Я нашептывала те самые слова, в ритме его движений. Больно, сладостно, прекрасно и мерзко. Таковые чувства владели мной. Голова отключалась, в глазах темнело. Я становилась лишь сгустком наслаждения, пока не растворилась совсем.

XXVI

Проснулась я в своей постели. Голова гудела, как после сильной попойки, но аттракцион больше не раскручивался. Я вновь видела четкие очертания предметов, ощущала свежесть прохладного воздуха, заносимого ветром из едва приоткрытого окна, колышущего тонкие льняные занавески. Слышала пение птиц, проезжающие вдалеке машины, тишину комнаты. И никаких фидей.

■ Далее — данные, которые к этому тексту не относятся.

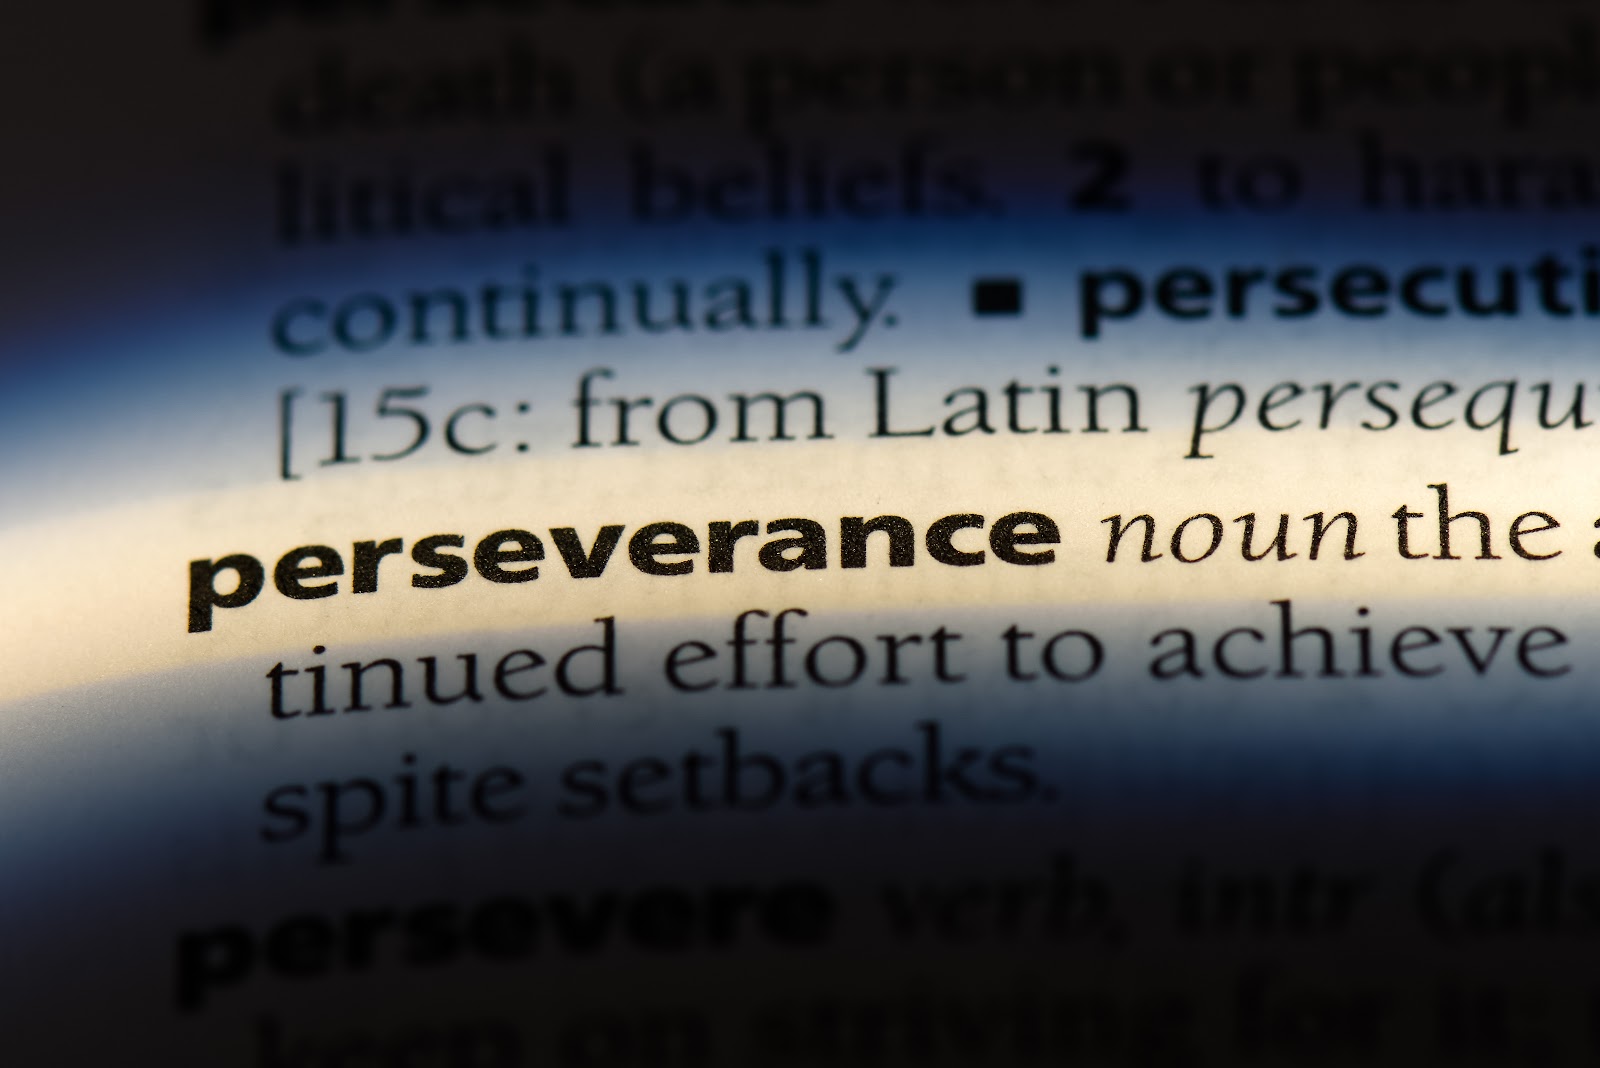 quran verse about perseverance

Я медленно поднялась. Сначала присела на кровати, проверяя ощущения. Голова оставалась ясной. Поочередно опустив ноги на мягкий коврик, от которого пяточки вновь растаяли от удовольствия, как мороженое на солнце, я встала, покачнулась и неуверенно, но очень осторожно двинулась к двери.

Не знала, как долго пробыла в бреду, по ощущениям прошло около недели или двух. Придерживая стены, я вышла в коридор второго этажа, затем подошла к лестнице. Собрав ошметки сил в ослабевшие кулаки, я неспешно переставляла одну ногу за другой.

По дому разносился аппетитный запах глазуньи, сладкий аромат жаренных овощей и свежих тостов. Из динамика телефона тихо струилась песня Эда Ширана «Shivers». Полуденный солнечный свет спотыкался об тюль, наполнял кухню воздушностью играющих в лучах пылинок, расширял пространство.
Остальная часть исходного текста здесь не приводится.